On 5 February 2004, the mediation commenced. The respondent was in attendance with two solicitors, Mr Kavanagh and Ms McCrohan. The mediation was adjourned to 27 February 2004.
On that day the respondent was once again accompanied by those solicitors. The matter settled.
On 8 March 2004 the Court was told of the settlement and asked to adjourn the matter until 18 June 2004 to enable the settlement to be effected. It was specifically noted that a notice of discontinuance may be filed after 31 May 2004.
A handwritten note of the terms of settlement was signed by Mr McGregor, of the applicant's firm, and by the respondent. It provided as follows:
The matter is settled upon the following terms:
1.That subject to paragraph 2 the respondent pay the sum of $35,000 on or before 31st May 2004 in full and final settlement of all claims Macks has against the respondent.
2.That the respondent forthwith execute a withdrawal in blank in respect of bank account number 17-0521 Westpac Marion SA (“the account”).
3.The respondent acknowledges that she makes no claim to the monies comprising the balance of that account.
4.In the event that conditions one or two are not complied with to the reasonable satisfaction of the trustee then the respondent will consent to judgement on the following terms:
4.1Order in accordance with paragraphs 2 and 4 of the application save that the sum shall be read as $35,000;
4.2That the amount paid to the applicant from the sale be $35,000 plus interest at 10% p.a. from 31 May 2004;
4.3That the amount standing in the said account be paid to the applicant as his sole beneficial property;
4.4That the applicant and respondent each bear their own costs save and except that the applicant will be entitled to the cost of obtaining judgement and any costs necessarily incurred thereafter including any cost of and incidental to realising his interest in the land.
5.The parties acknowledge that this settlement was reached on the basis of certain representations made by the applicant in a letter from the applicant’s solicitors dated 17/2/04.
6.The parties otherwise release each other from all suits and demands.
Paragraph 4.1 refers to paragraphs [2] and [4] of the application.
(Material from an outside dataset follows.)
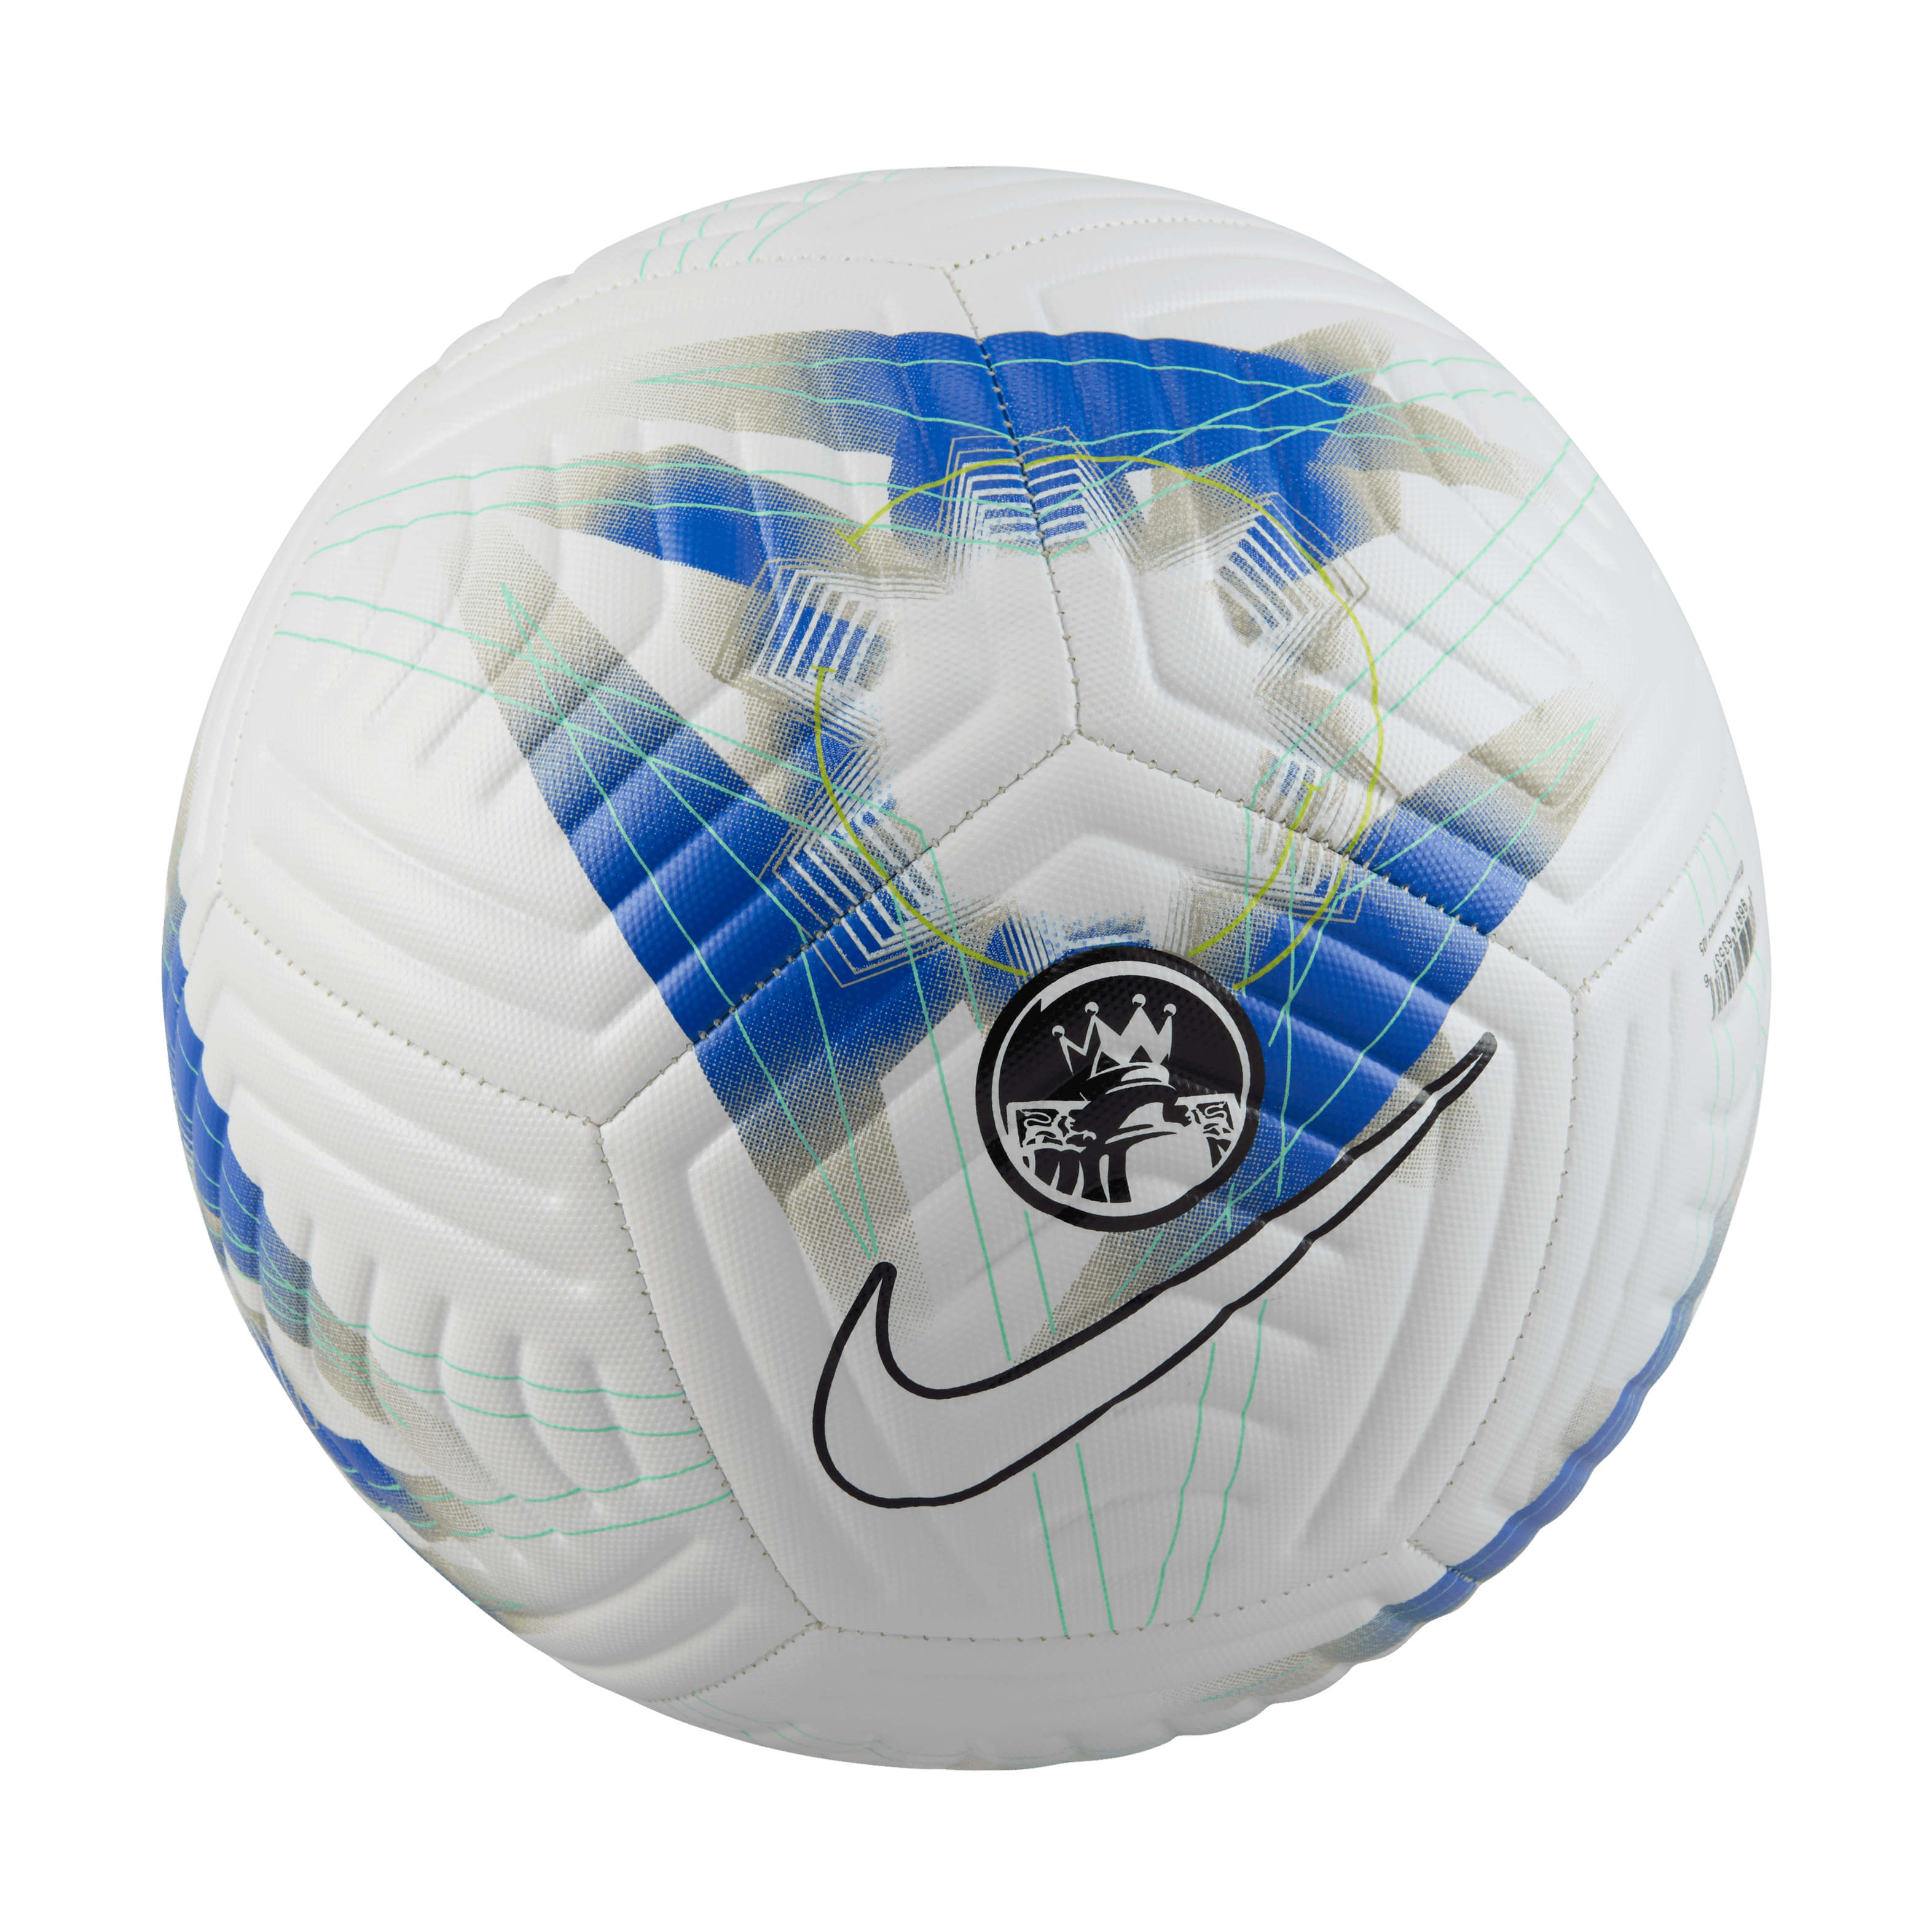 Nike Premier League Academy Soccer Ball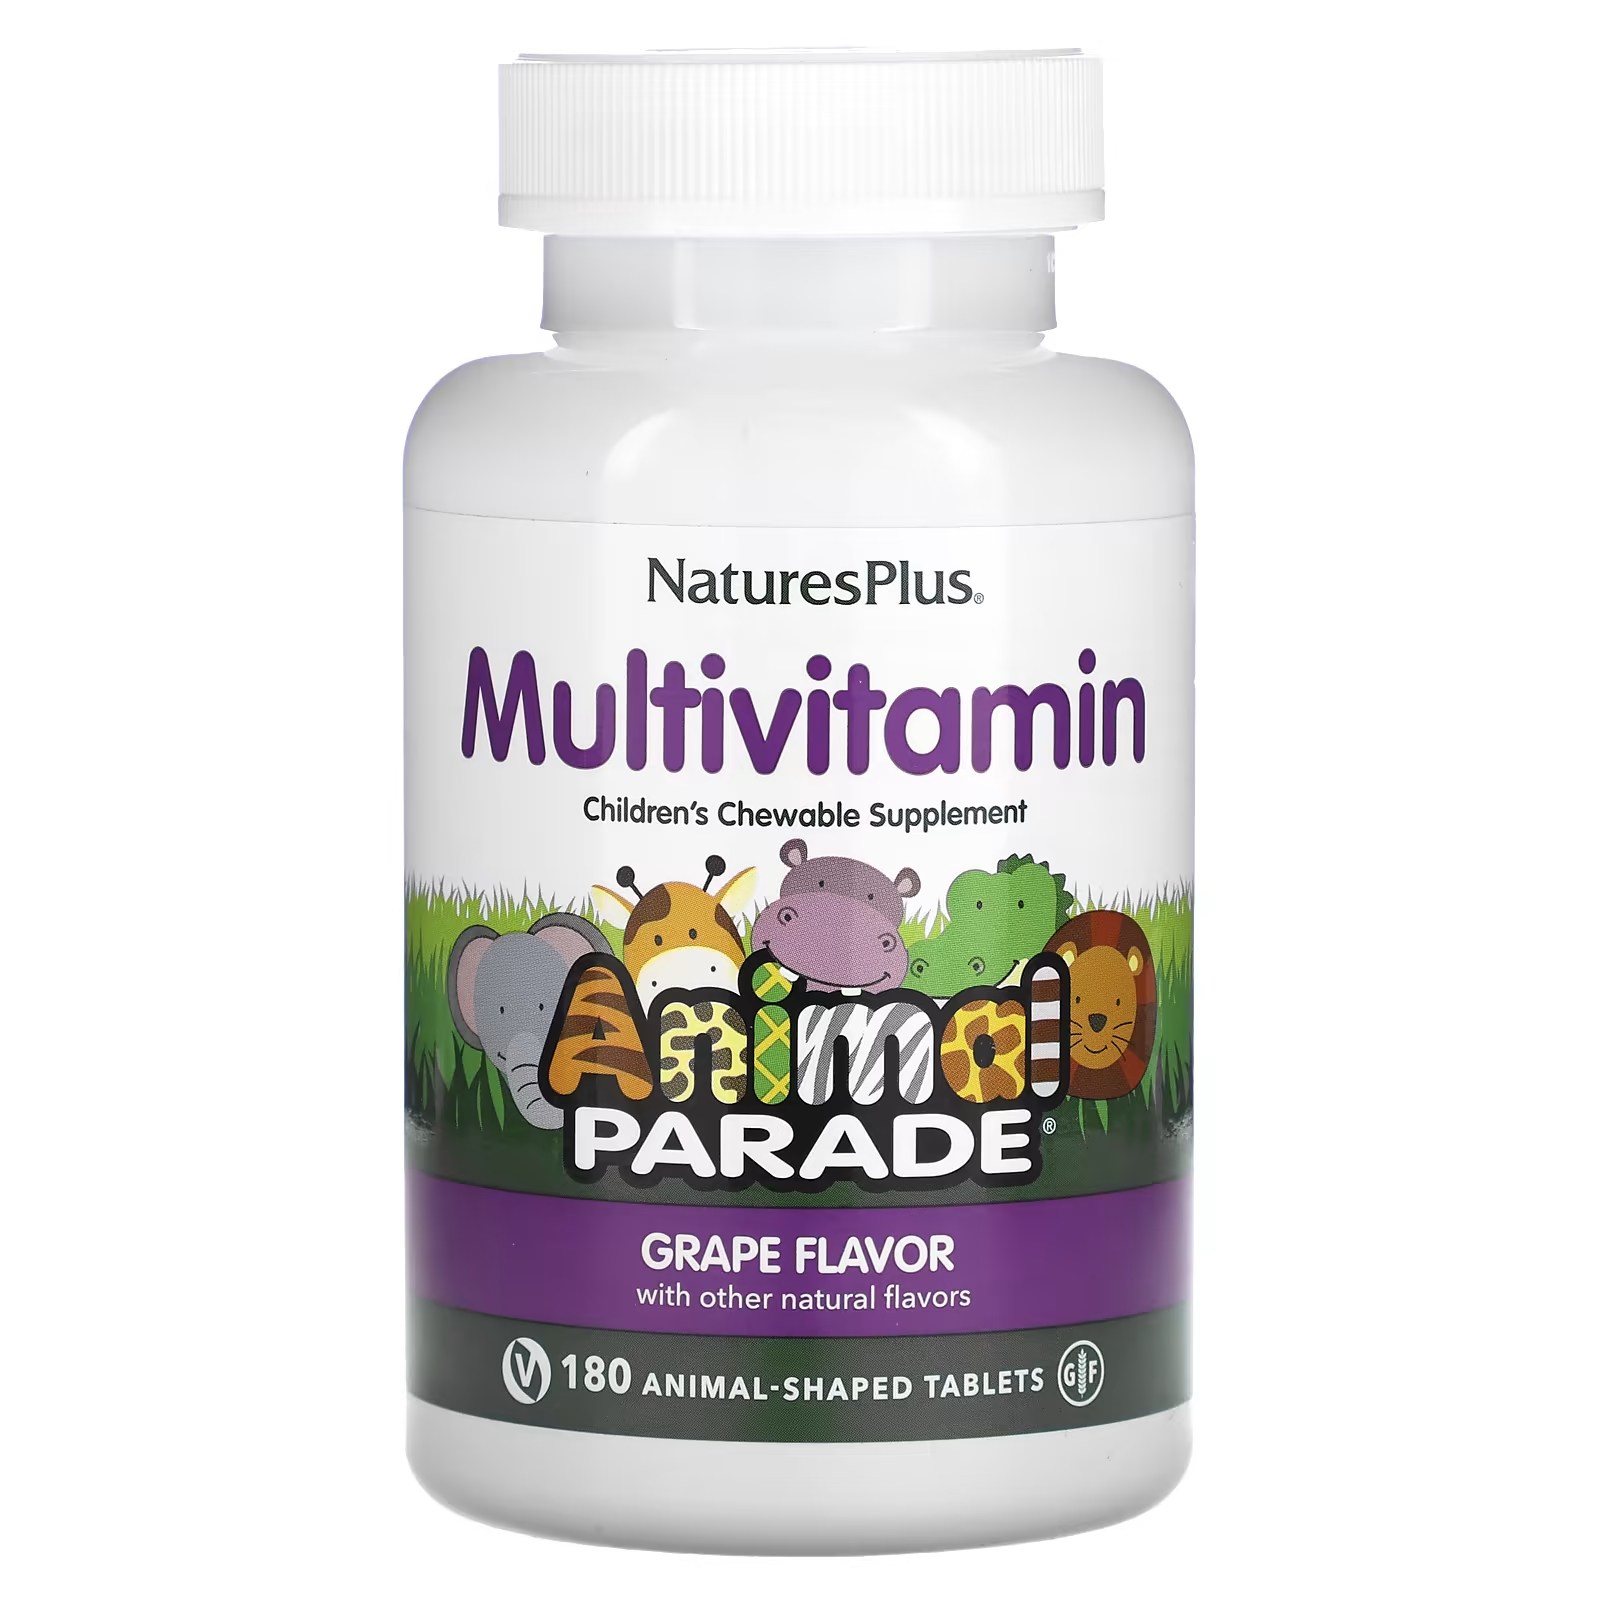 Мультивитаминная добавка NaturesPlus Animal Parade со вкусом винограда, 180 таблеток в форме животных витамины антиоксиданты минералы awochactive мультивитамины

Those paragraphs seek the following orders:
“2.Alternatively a declaration that he has an equitable interest in the land by virtue of an express or resulting trust consequent upon payment of the sum of $47,000 by the bankrupt on account of the land (“the transfer”).
4.Alternatively an order that the land be sold and the proceeds paid to the applicant.”
On 18 June 2004 the application was adjourned to 1 July 2004. The respondent was not legally represented. By then it was clear that the respondent was no longer prepared to adhere to the settlement. Her reasons for that were made more clear as time passed and as she obtained representation again.
Ultimately the matter came on for trial before me in November 2004 and on 11 February 2005. I reserved my judgment.
The applicant seeks to enforce the terms of settlement. Only if I decline to do that does he seek orders pursuant to sections 100 and 121 of the Act.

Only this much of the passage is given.